§ What this task involves: Copy each line below exactly as it appears. Pictures are to be omitted.

§ Supplied data:
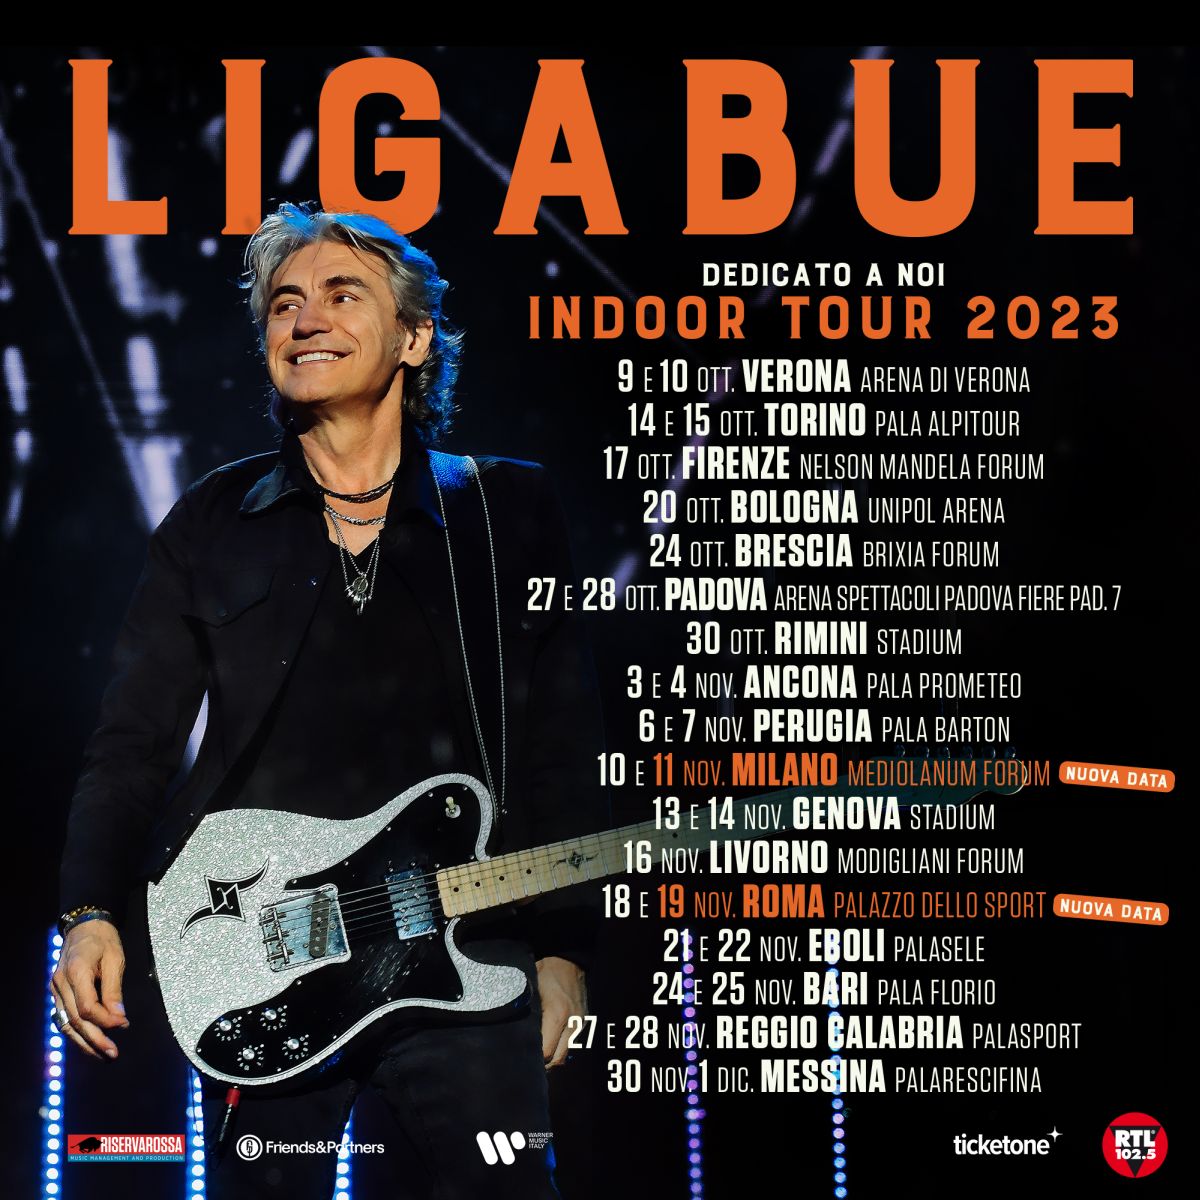 Ligabue tour 2023
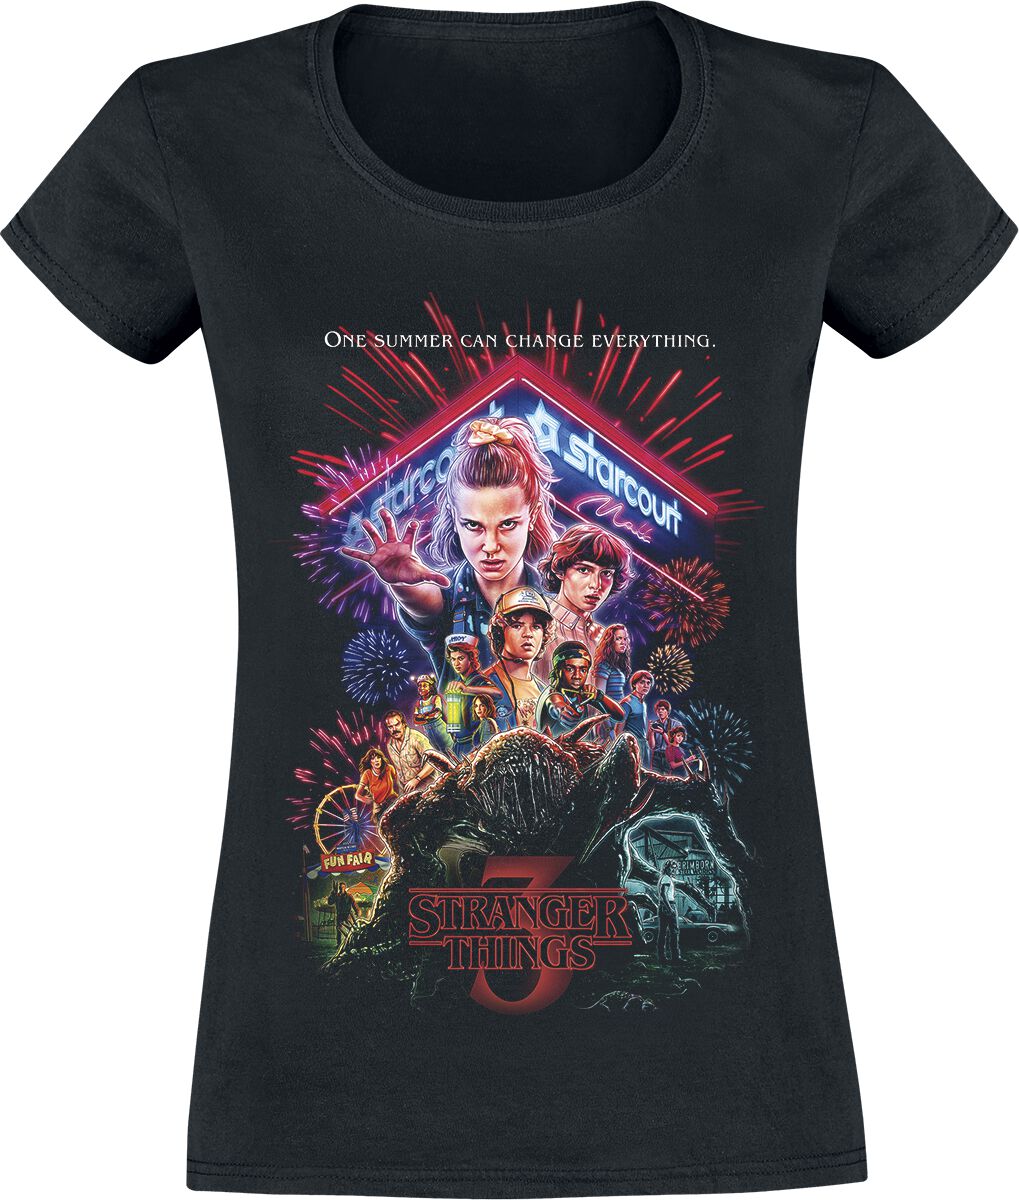 Stranger Things T-Shirt - Staffel 3 Cover - XS bis XXL - für Damen - Größe S - schwarz  - EMP exklusives Merchandise!
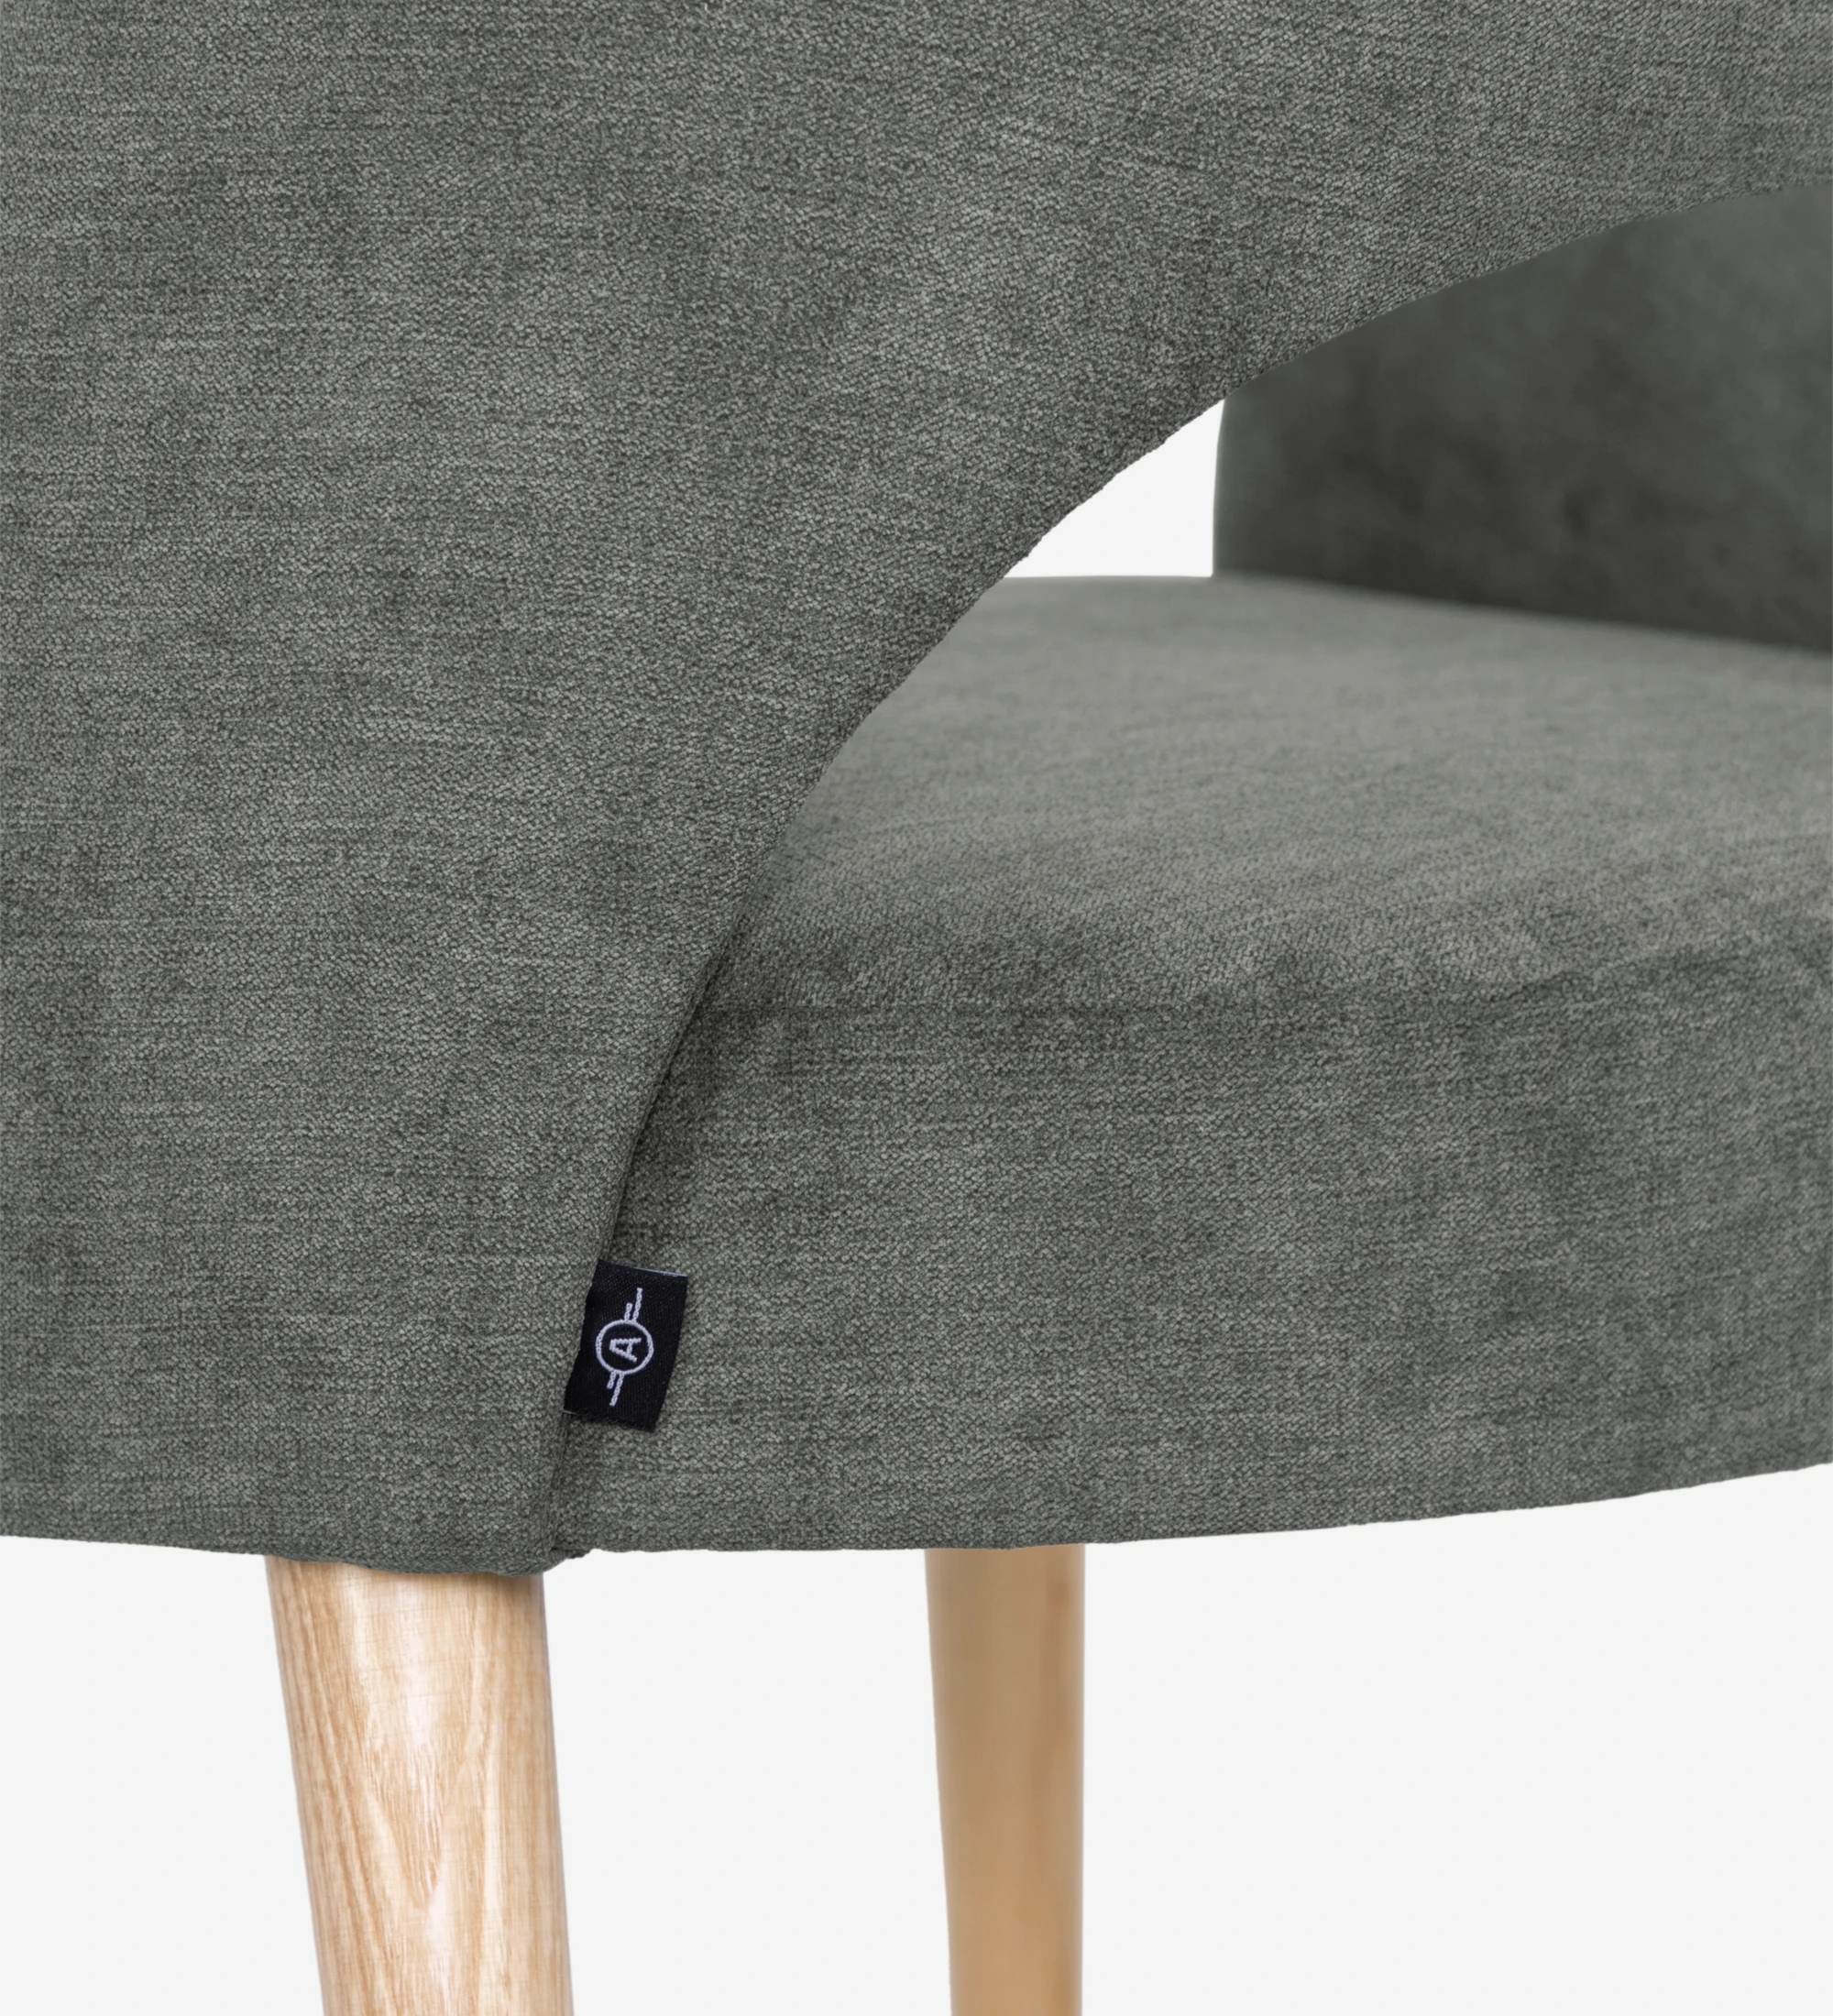 Chaise Paris avec accoudoirs, recouverte de tissu vert, pieds en bois naturel.
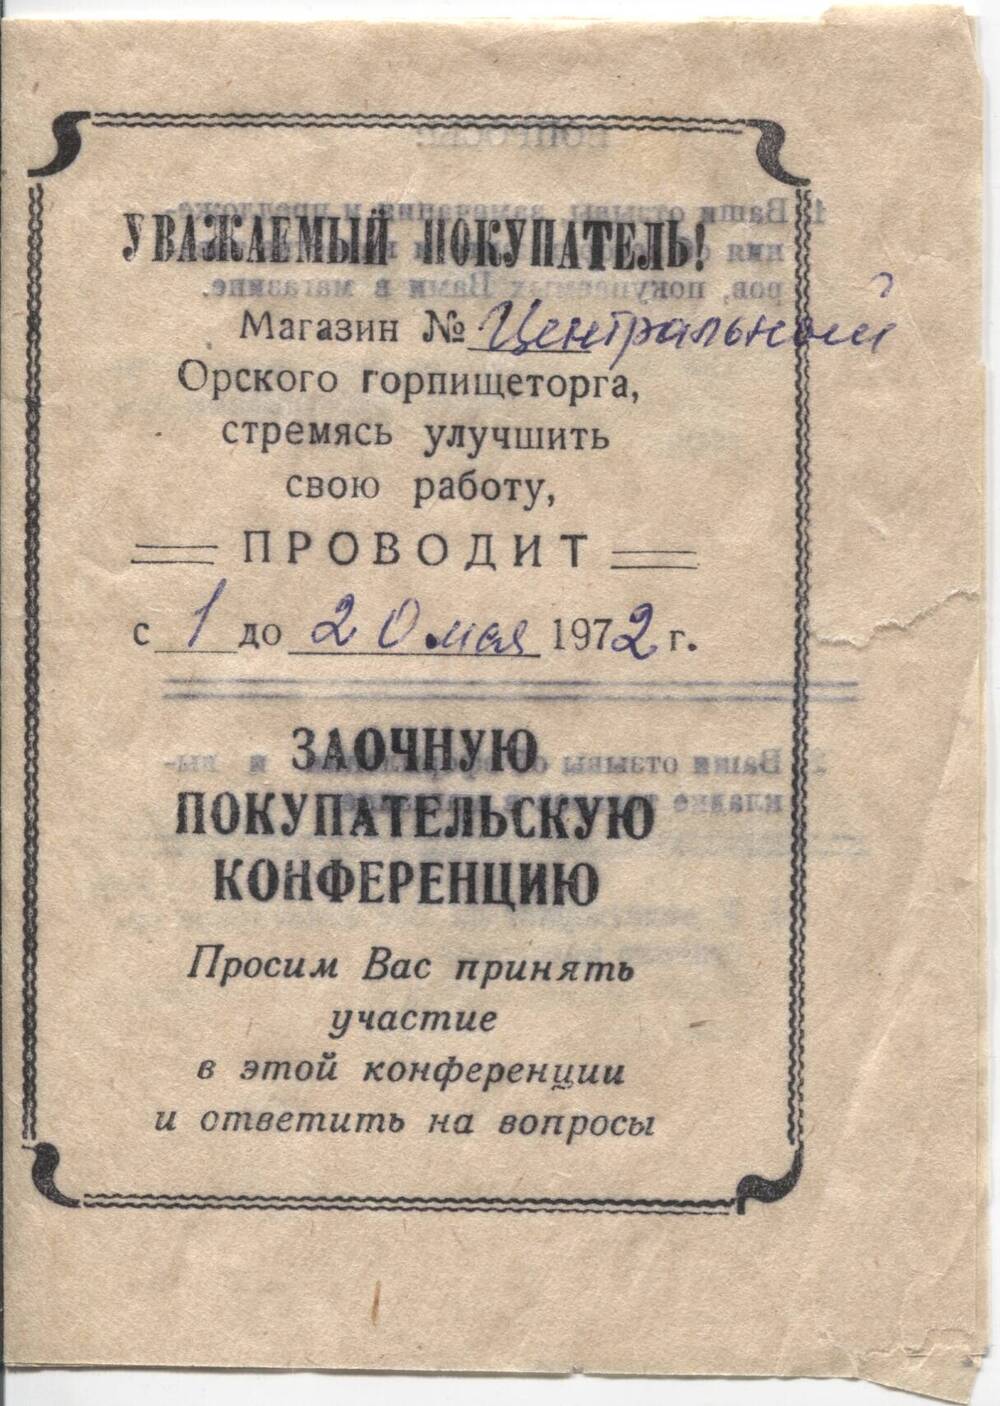 Листовка - Приглашение на заочную покупательскую конференцию с 1 по 20 мая 1972г. магазина Центрального, Орского горпищеторга.

§ Written solution:
 Ligabue tour 2023
 Stranger Things T-Shirt - Staffel 3 Cover - XS bis XXL - für Damen - Größe S - schwarz  - EMP exklusives Merchandise!
 Chaise Paris avec accoudoirs, recouverte de tissu vert, pieds en bois naturel.
 Листовка - Приглашение на заочную покупательскую конференцию с 1 по 20 мая 1972г. магазина Центрального, Орского горпищеторга.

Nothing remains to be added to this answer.